А сама подумала: а не теми ли соображениями руководствовалась и я, когда из них двоих выбрала, кого попроще – Джуниора?! И, словно уловив мои мысли, Кривцов тут же заговорил о Пете:

– Послушай, а я правильно понял, что ты сама Лыткина бросила?

– Никто никого не бросал. Мы разошлись по взаимной договоренности, скажем так.

– Но замуж он тебя звал?

– Звал.

– Не пошла, стало быть…

– Паш, что ты пристал? Не могу я про Лыткина говорить.

– А я в гостях у него побывал. Перед съемками. Не хотел, честно говоря: пить я теперь не пью, что за удовольствие! Но потом интересно стало, как живет такой мильонэр, как Лыткин.

– И как?

– Да скушно. Выпендривался передо мной, хвалился, какой он крутой. Тоска. Жена у него… Эх, как я прав-то оказался! Помнишь, кричал тебе про доллары в зрачках, про жену-клушу? А ты обиделась.

– Помню. И что – на самом деле клуша?

– Скорей цыпленок. Кроткая такая. Жалкая.

– В рот смотрит?

Кривцов усмехнулся:

– Точно. Да, похоже, я от Лыткина недалеко ушел в этом вопросе. – Потом он вздохнул и сказал очень печальным тоном: – Лен, я ведь все понимаю. Ты такая женщина…

– Царица Савская?

– Не надо, я серьезно. Я еще тогда думал: что она тут делает? Ты ведь в Москве училась? И почему не осталась?

– По семейным обстоятельствам. Паш, ведь это здесь я царица Савская, а в Москве таких, как я, по рублю пучок продают.

Он усмехнулся:

– Ну, не по рублю, подороже! Чёрт, что ж с тобой делать-то, а? Пропадешь ты в этой деревне!

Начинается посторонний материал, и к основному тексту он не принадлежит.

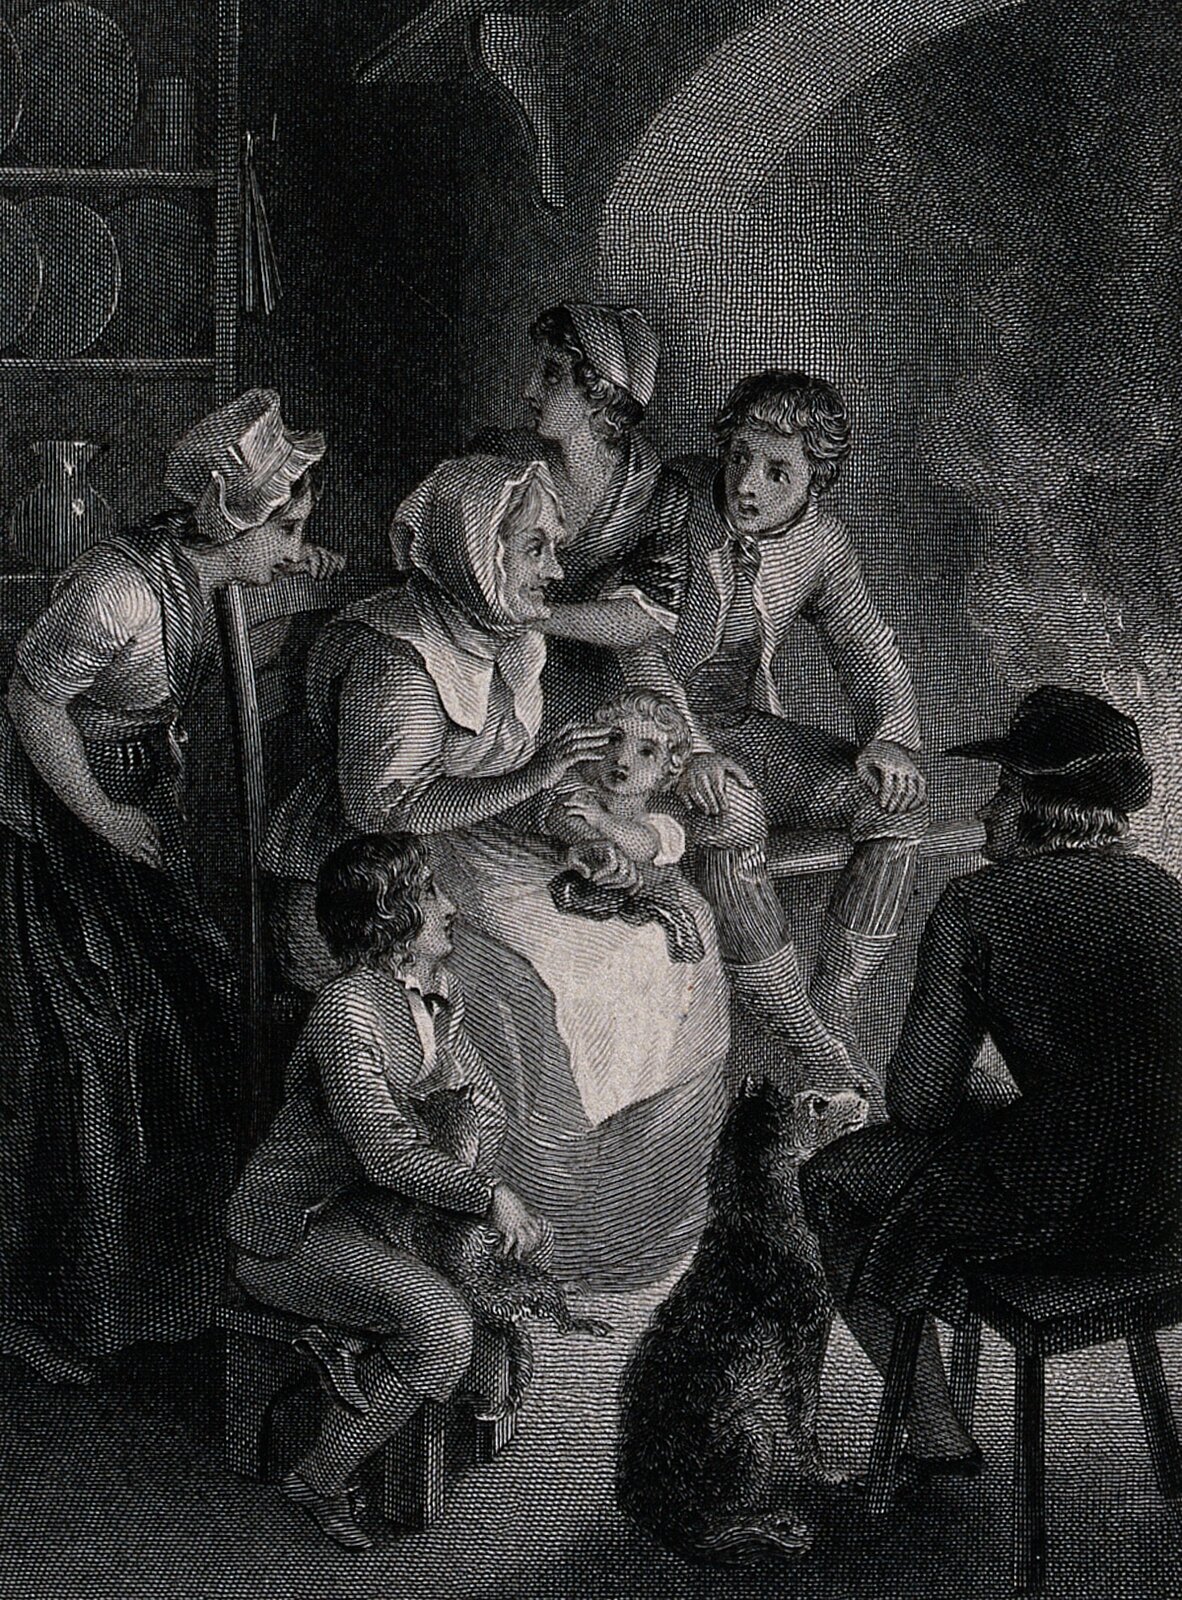 Czarno-biała ilustracja przedstawia grupkę pięciorga dzieci, ubranych w stroje z XVIII wieku - dwie młode panny mają na sobie długie suknie z krótkim rękawem, chustki na ramionach  i czepki, dwaj chłopcy  maja na sobie sięgające kolan spodnie, pończochy i trzewiki, koszule i marynarki. Najmłodsze dziecko, opierające się o kolana siedzącej na krześle kobiety, ma jasne, krótkie kręcone włosy i koszulę. Dzieci skupione są wokół siedzącej na krześle starszej kobiety w długiej sukni, fartuchu i chustce na głowie, która opowiada im historię. Dzieci są zasłuchane (dziewczęta stoją za jej plecami, chłopcy siedzą po obu bokach, malec stoi). Chłopiec siedzący po lewej stornie trzyma na kolanach kota. Naprzeciw kobiety na niskim krzesełku siedzi mężczyzna w płaszczu i kapeluszu. Pomiędzy nimi znajduje się pies. W tle widać ścianę pomieszczenia - po prawej stronie jest półokrągłe sklepienie, a po lewej regał z trzema półkami, na których ustawiono talerze i dzbanek.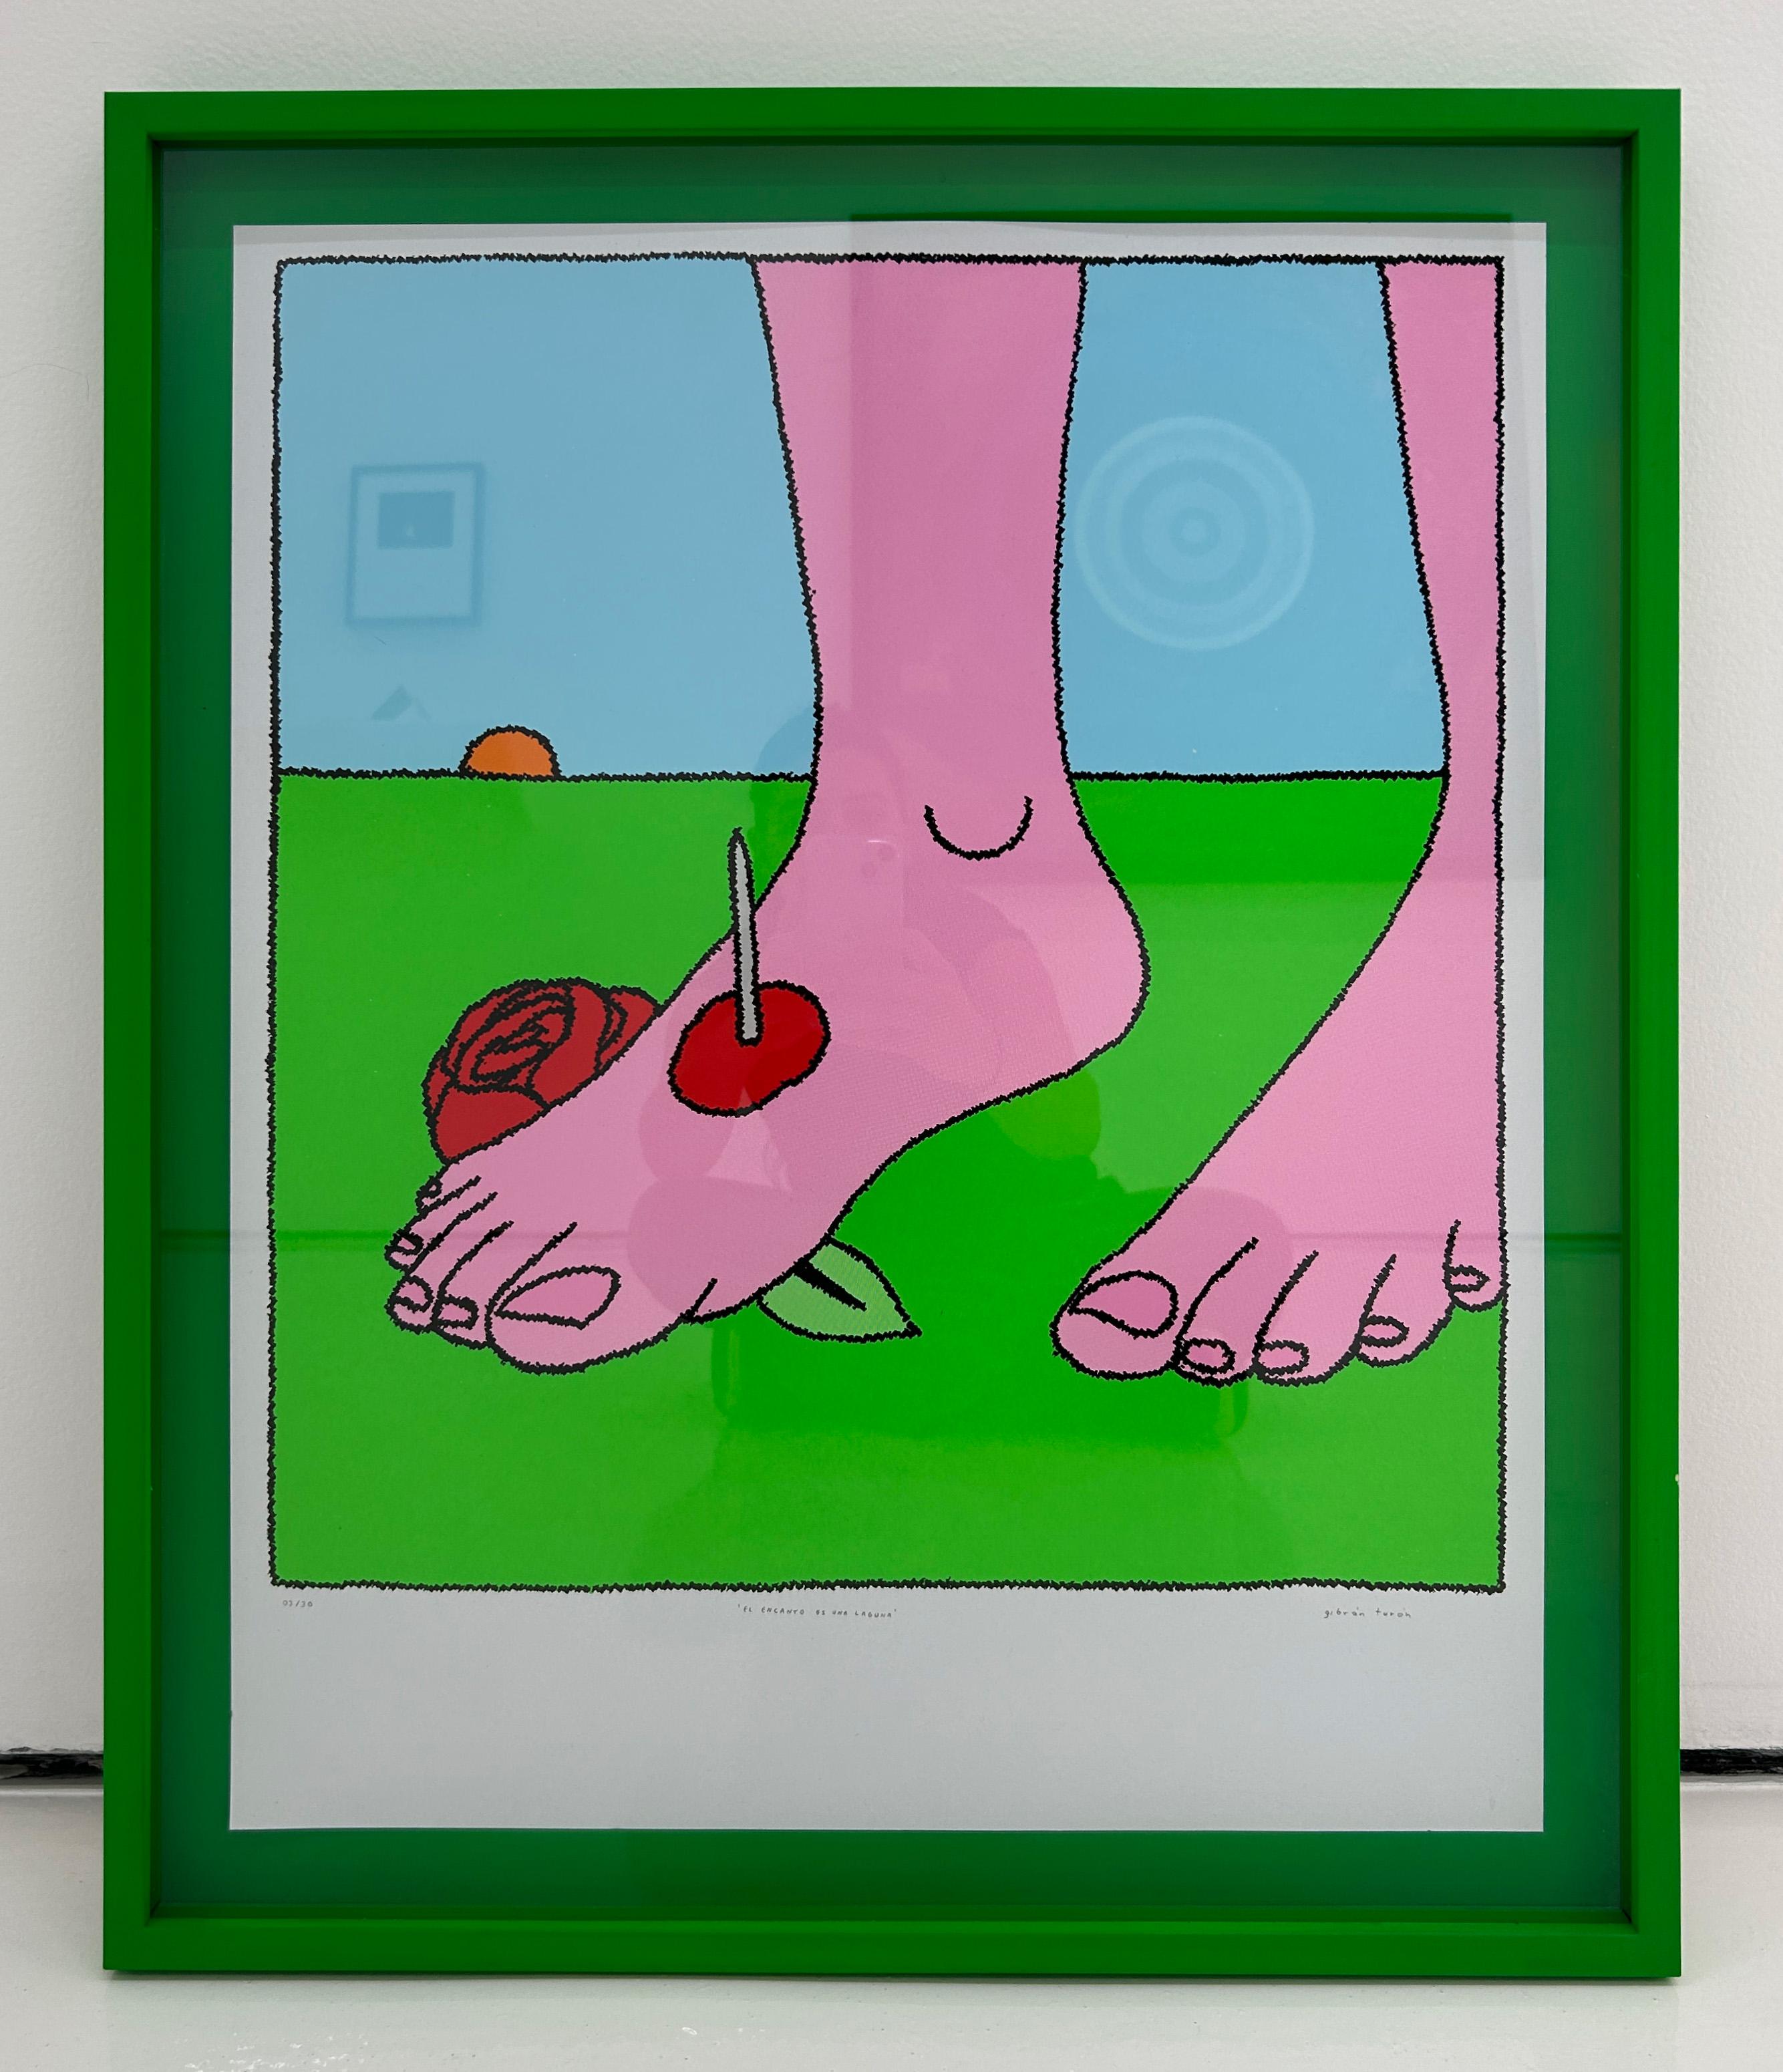 El encanto es una laguna - Pop Art Print by Gibrán Turón

– Не надо со мной ничего делать, ты что?! Я прекрасно живу, у меня все хорошо!

– Скажи, а сейчас вышла бы за меня? Только честно!

Я опустила голову. Что скрывать, такая мысль у меня промелькнула.

– Не любишь, а вышла бы. А говоришь – хорошо живешь. Думаешь, не знаю почему? От одиночества. Ты тоже в пустыне. И еще – назло Лыткину.

– Я и Лыткина не любила.

– И что получилось? А я не такой крепкий, как Лыткин. С тобой ведь все по-настоящему будет, по-взрослому, понимаешь? На разрыв сердца. Не то что с этими… козами киношными. Так что не стану замуж звать. Считай, что струсил. А то и помереть недолго, от страданий-то душевных! Я и сейчас на тебя смотрю, а сердце кровью обливается…

– Вот только ты меня не жалей!

Я вскочила и стала к окну, повернувшись спиной к Кривцову. Но он подошел и обнял меня:

– Прости! Прости меня, Елена Прекрасная…

Мы долго молчали, обнявшись. Потом он тихо попросил:

– Поцелуй меня. Один раз. Пожалуйста.

Я поцеловала.

Через три дня киногруппа уехала, и Павел Кривцов исчез из моей жизни навсегда.

Глава 4. Соня

Две подружки качаются на качелях во дворе небольшого двухэтажного дома, покрашенного в блеклый розовый цвет. Синее небо, яркое солнце, белые облака. Голубое платьице в желтый цветочек, белое платьице в красный горошек. Цветет жасмин, и весь двор пропитан его сладким, как карамель, ароматом. Девочки изо всех сил раскачивают качели и громко поют: «У моря, у синего моря! Со мною ты рядом, со мною! И солнце светит и шумит прибой потому, что ты со мной!»[8] Начало июня, впереди еще все каникулы, впереди еще вся жизнь. Кто ж знал, что ее окажется так мало.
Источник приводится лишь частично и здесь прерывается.